How to prove a formula involving polynomial sequences and their recursive representation If we have a sequence defined by the polynomial $a_n=\displaystyle \sum_{k=0}^{m}c_kn^k$, then how can we prove that $a_n=\displaystyle \sum_{k=1}^{m+1}\binom{m+1}{k} (-1)^{k-1}a_{n-k}$?
*Edited to fix the typo, and also simplified
 A: The LHS is $$a_n = \sum_{k=0}^m c_k  n^k$$ and the RHS is (typo in the
leading term corrected)
$$(-1)^{m} a_{n-m-1}
+\sum_{p=1}^m {m+1\choose p} (-1)^{p-1} a_{n-p}.$$
Following @MartyCohen we merge these two to get
$$\sum_{p=1}^{m+1} {m+1\choose p} (-1)^{p-1} a_{n-p}.$$
This is
$$\sum_{p=1}^{m+1} {m+1\choose p} (-1)^{p-1} 
\sum_{k=0}^m c_k (n-p)^k
\\ = \sum_{k=0}^m c_k
\sum_{p=1}^{m+1} {m+1\choose p} (-1)^{p-1} (n-p)^k.$$
Working with the inner sum we introduce
$$(n-p)^k =
\frac{k!}{2\pi i}
\int_{|z|=\epsilon} \frac{1}{z^{k+1}} \exp((n-p)z) \; dz.$$
This yields for the double sum
$$\sum_{k=0}^m c_k
\frac{k!}{2\pi i}
\int_{|z|=\epsilon} \frac{1}{z^{k+1}}
\sum_{p=1}^{m+1} {m+1\choose p} (-1)^{p-1} \exp((n-p)z) \; dz
\\ = -\sum_{k=0}^m c_k
\frac{k!}{2\pi i}
\int_{|z|=\epsilon} \frac{1}{z^{k+1}} \exp(nz)

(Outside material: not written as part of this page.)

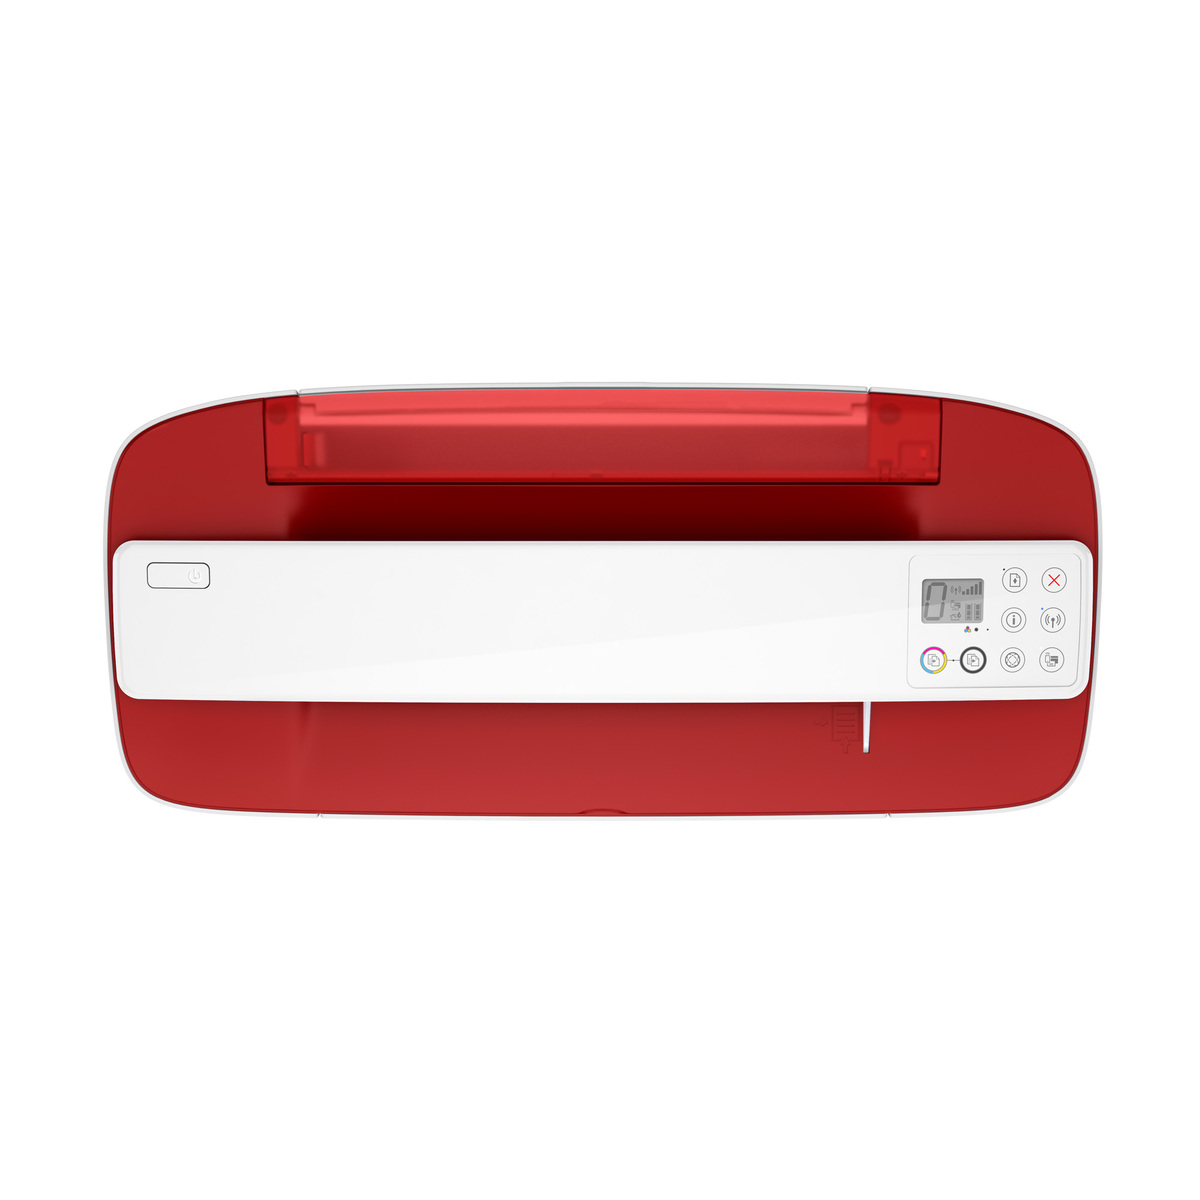 HP Deskjet Ink Advantage 3788 Wireless All-in-One Printer, Red, T8W49C

\sum_{p=1}^{m+1} {m+1\choose p} (-1)^{p} \exp(-pz) \; dz.$$
The inner sum is
$$(1-\exp(-z))^{m+1} - 1.$$
We thus require
$$k! [z^k] \exp(nz) (1-\exp(-z))^{m+1} - k! [z^k] \exp(nz).$$
There   are   two  pieces   here.    Since  $1-\exp(-z)   =   z   -
\frac{1}{2}z^2+\cdots$ the exponentiated  component of the first piece
starts at $z^{m+1}.$ But $k\le m$ so we have a contribution of zero.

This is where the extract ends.